**Entries supplied**:
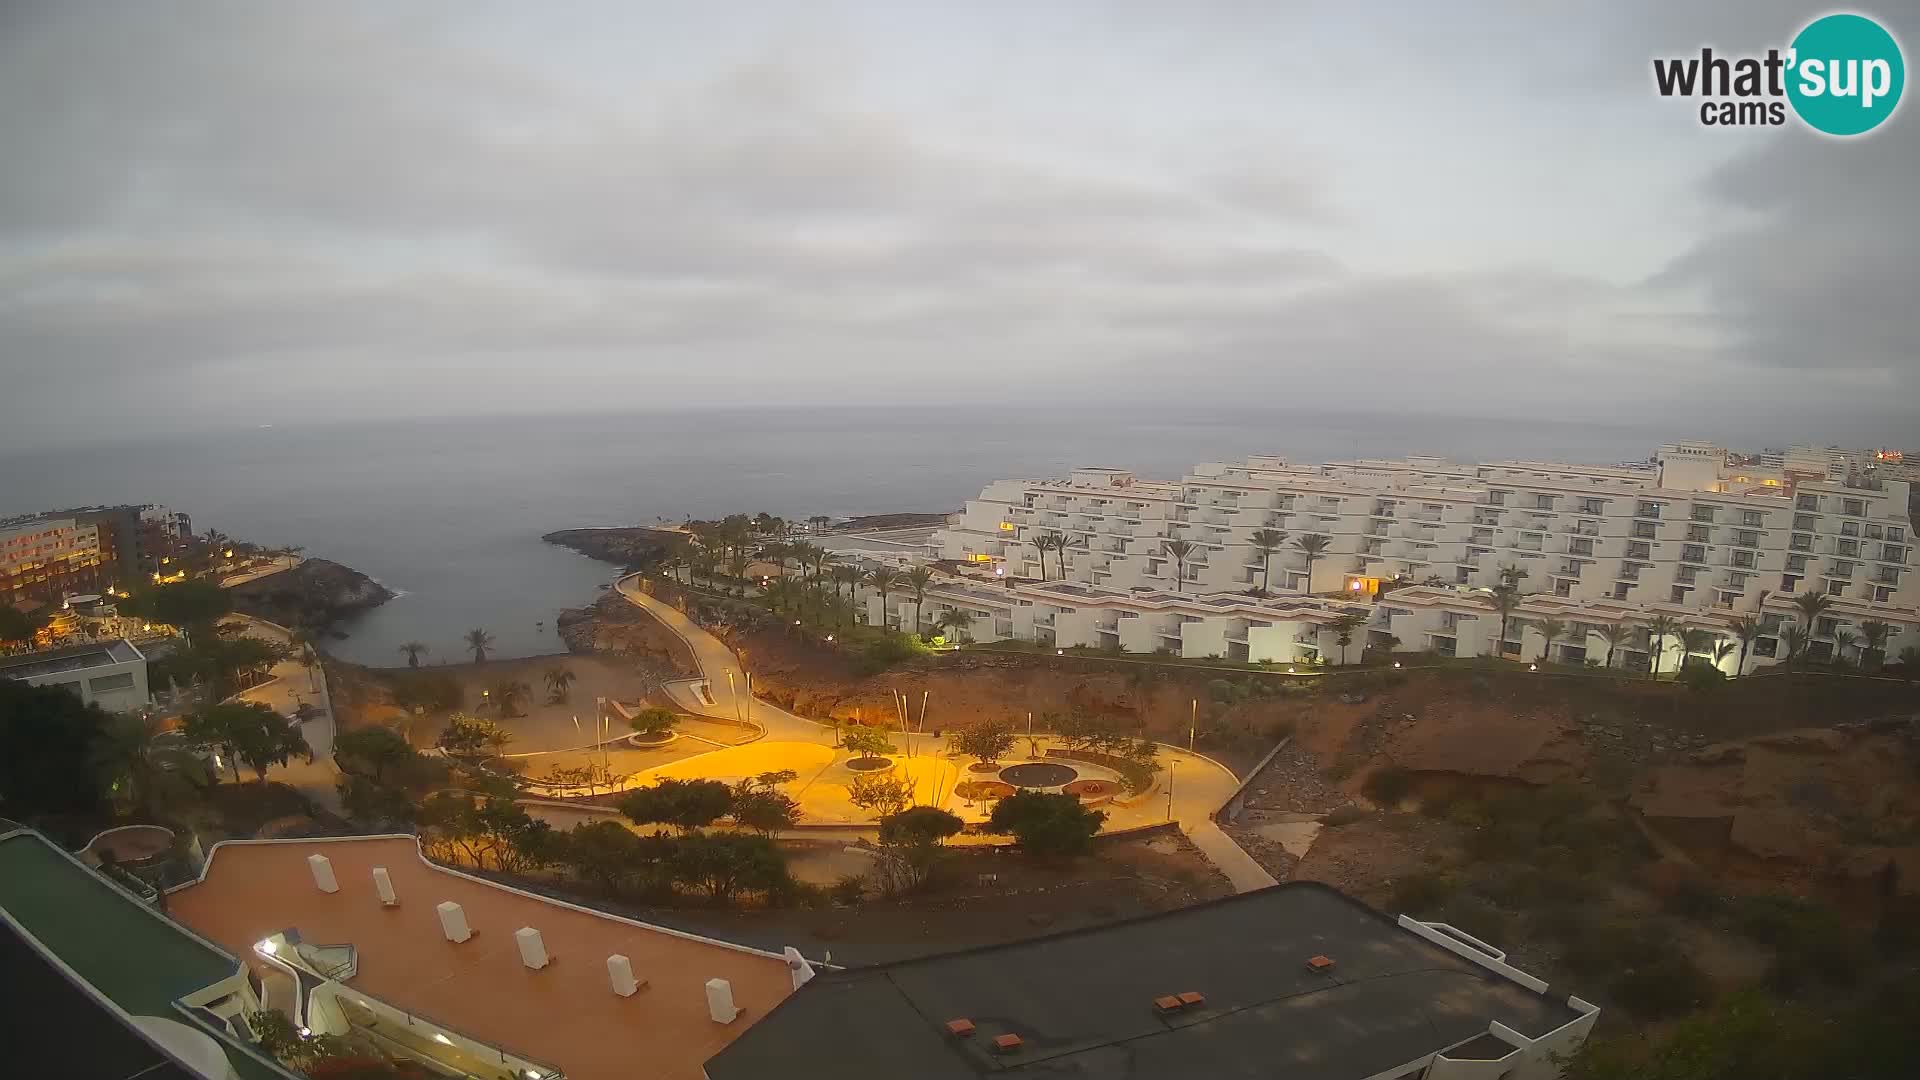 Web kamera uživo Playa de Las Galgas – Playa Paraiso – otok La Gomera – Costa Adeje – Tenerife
==
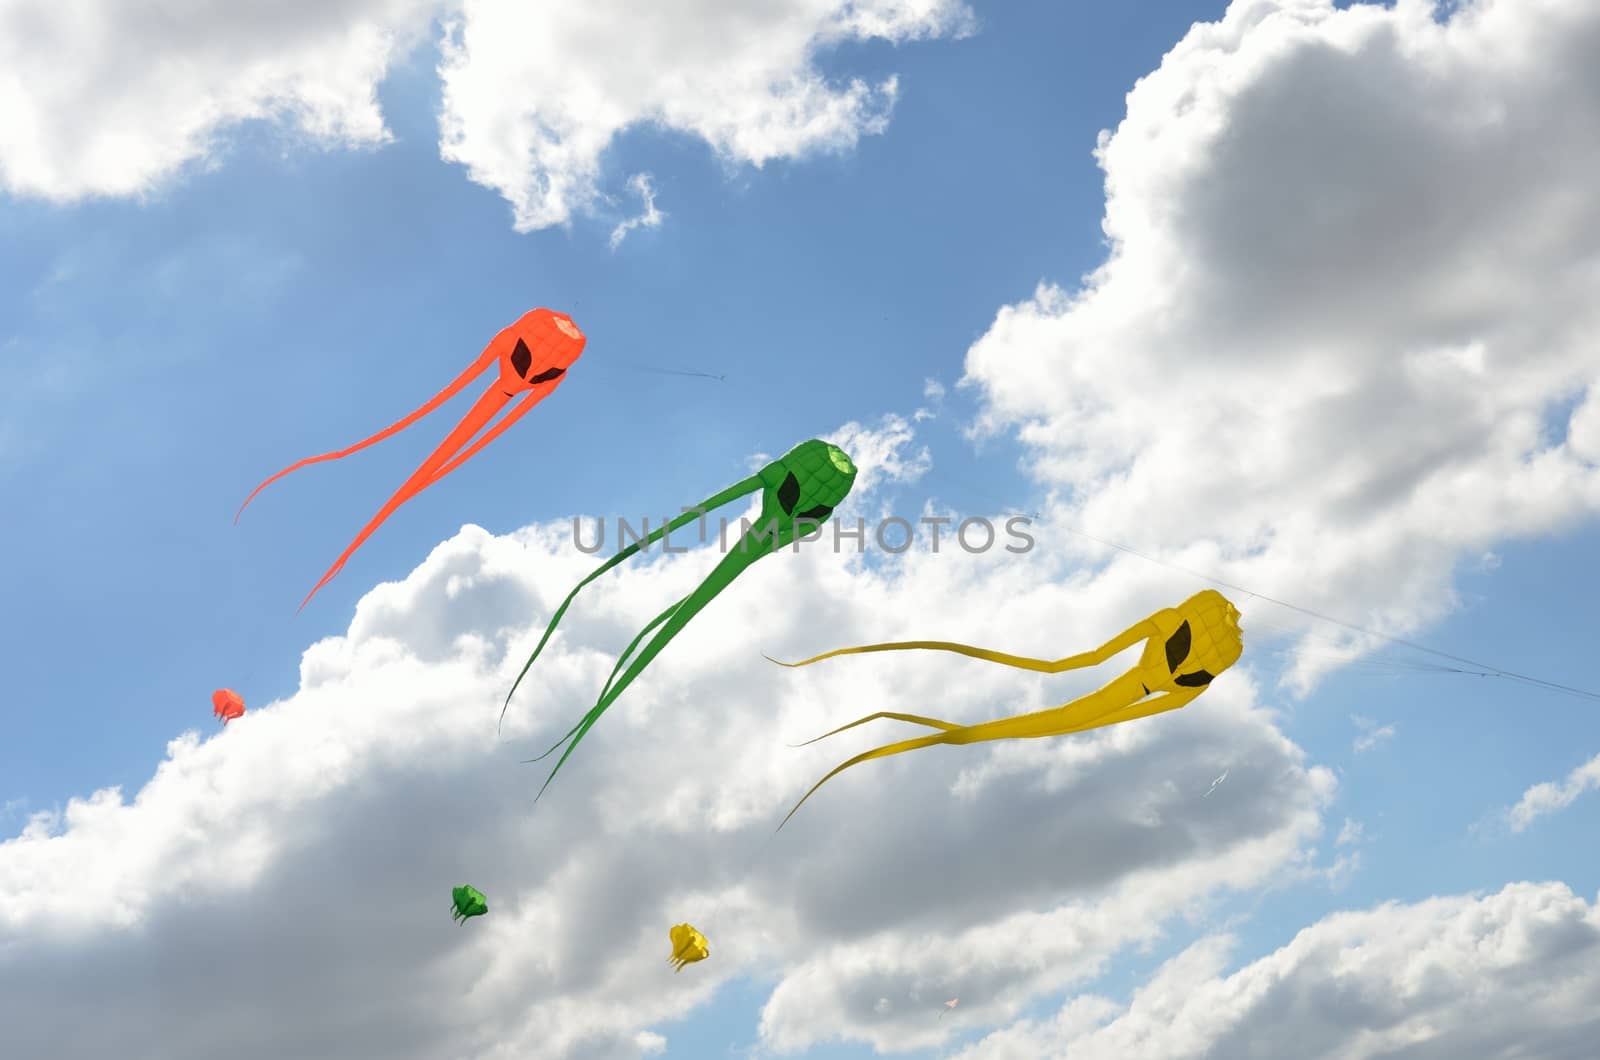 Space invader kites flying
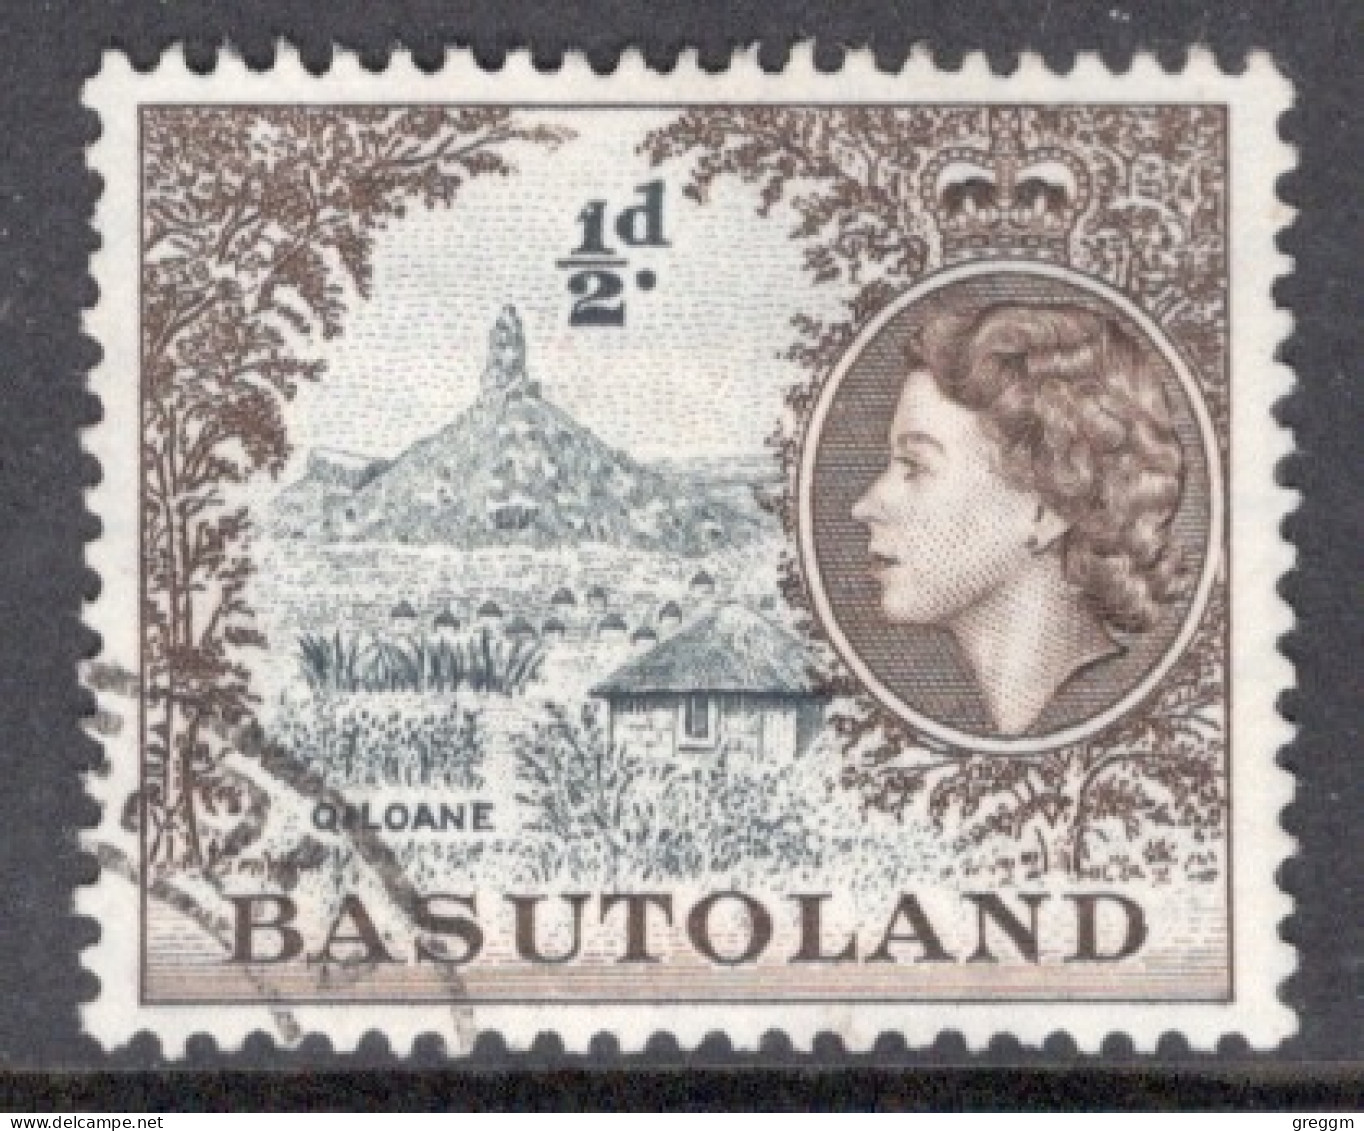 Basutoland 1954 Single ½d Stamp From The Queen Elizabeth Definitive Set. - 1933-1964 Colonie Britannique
---
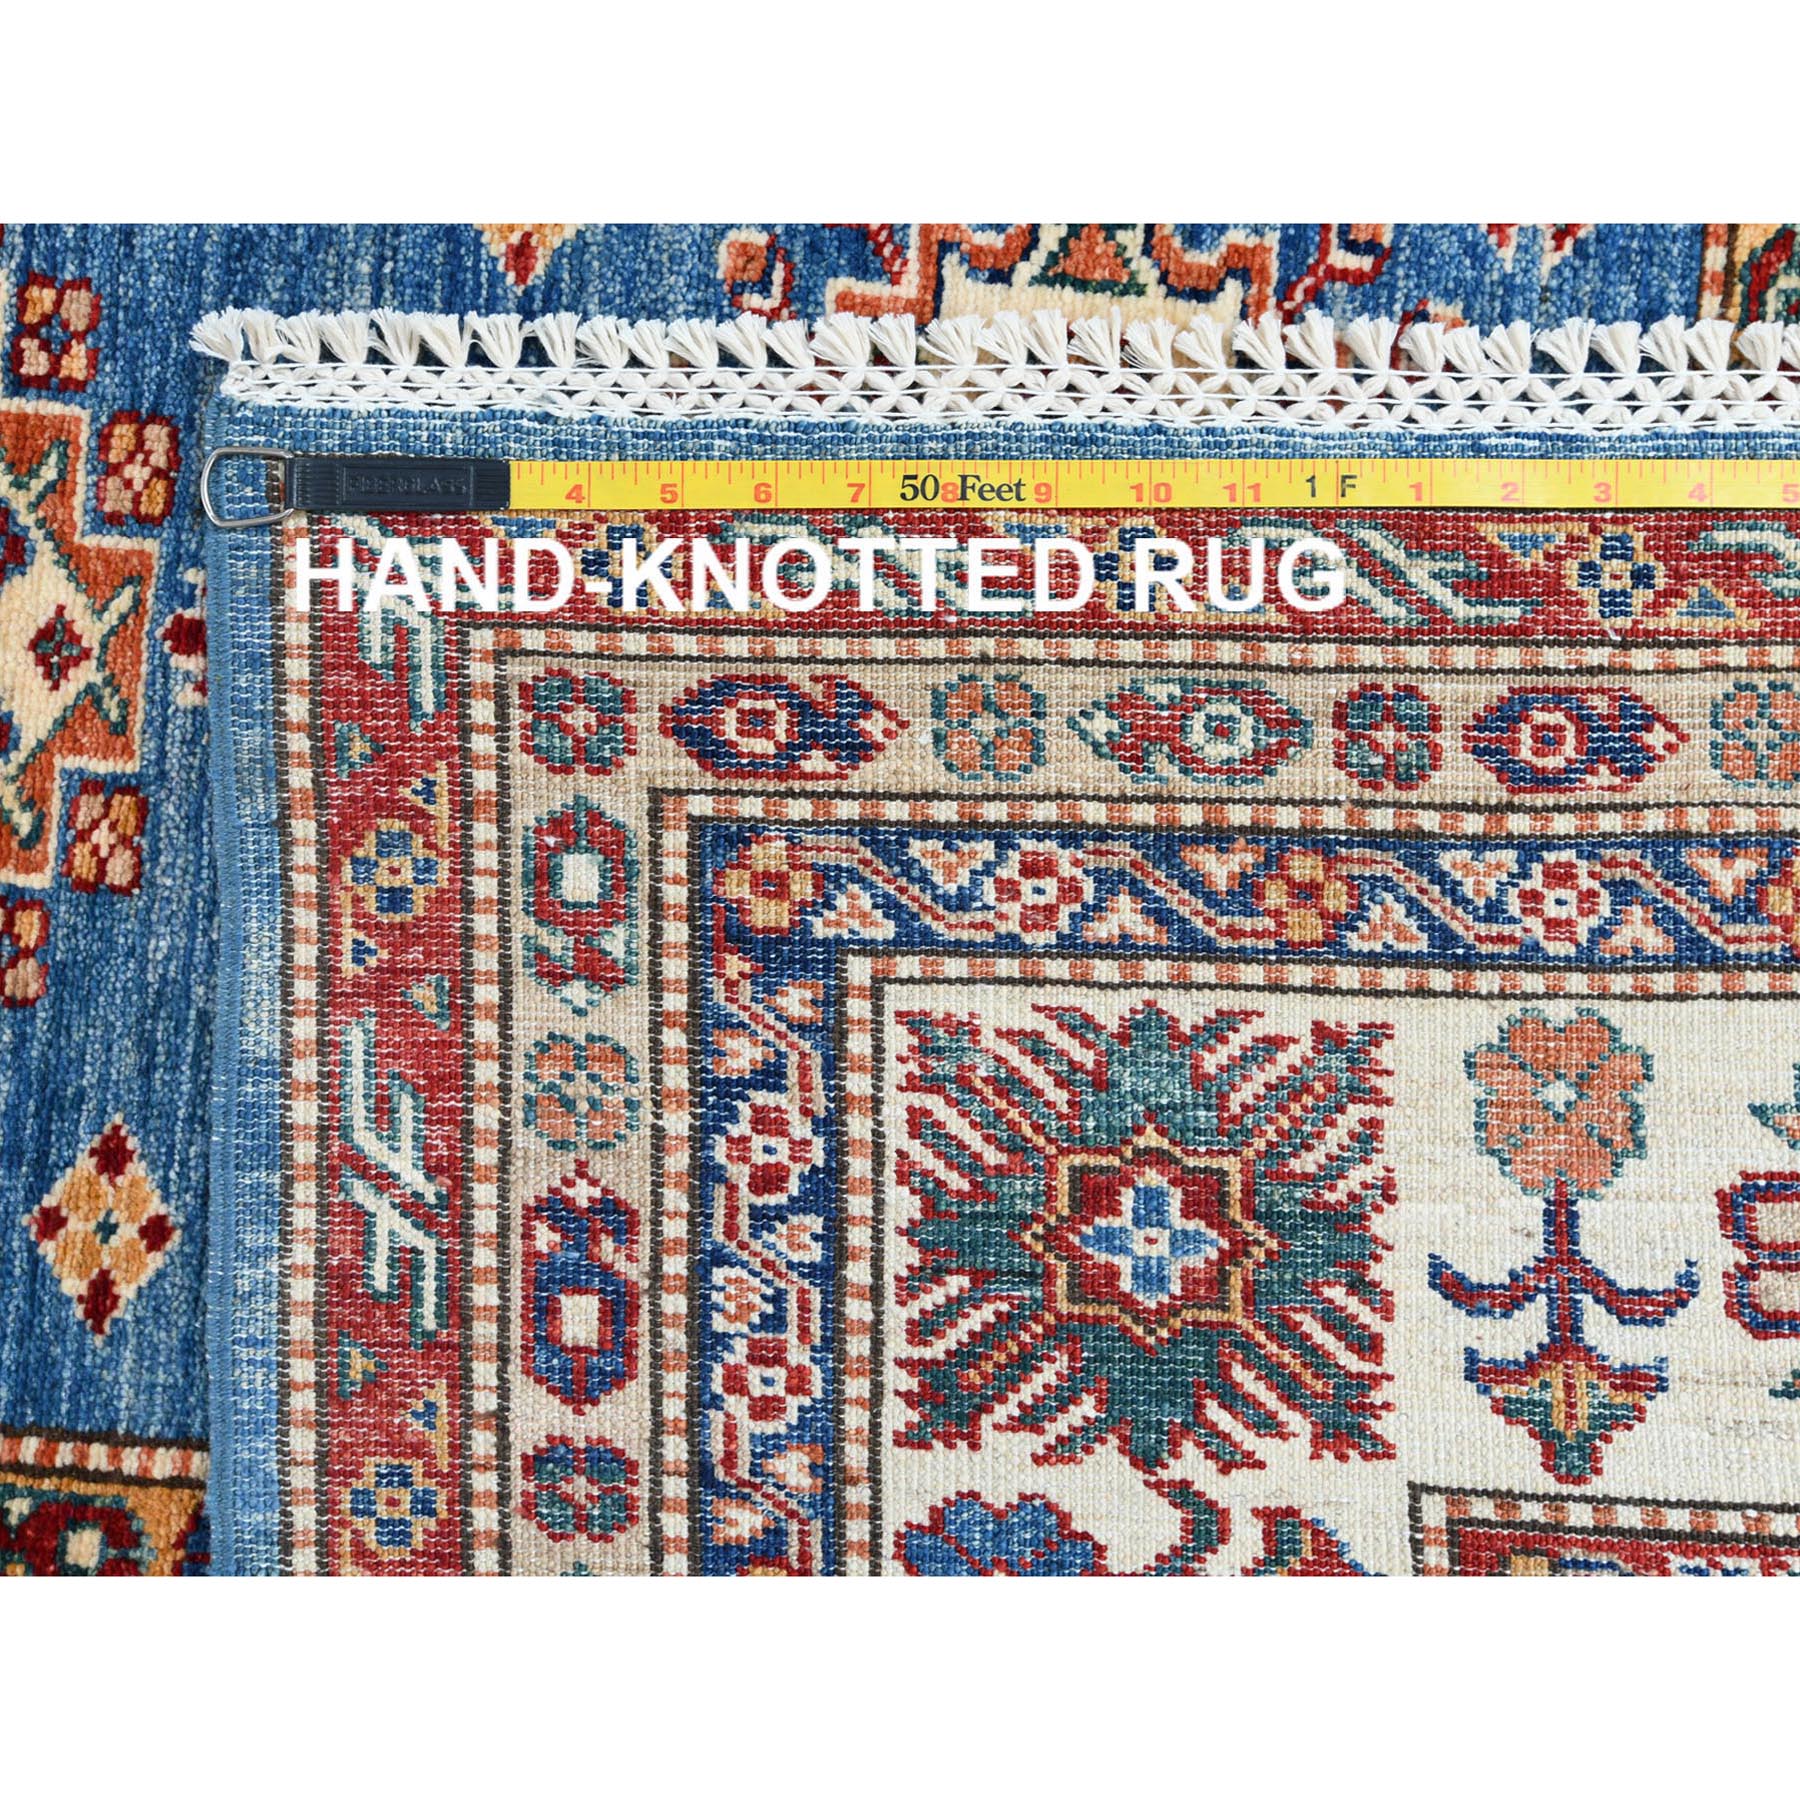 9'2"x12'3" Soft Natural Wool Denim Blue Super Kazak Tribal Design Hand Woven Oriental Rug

**Aim of the exercise**:
Print an exact copy of the lines above, from the one containing "Space invader kites flying" through the one containing "Basutoland 1954 Single", and leave out the pictures.

**Task response**:
 Space invader kites flying
 Basutoland 1954 Single ½d Stamp From The Queen Elizabeth Definitive Set. - 1933-1964 Colonie Britannique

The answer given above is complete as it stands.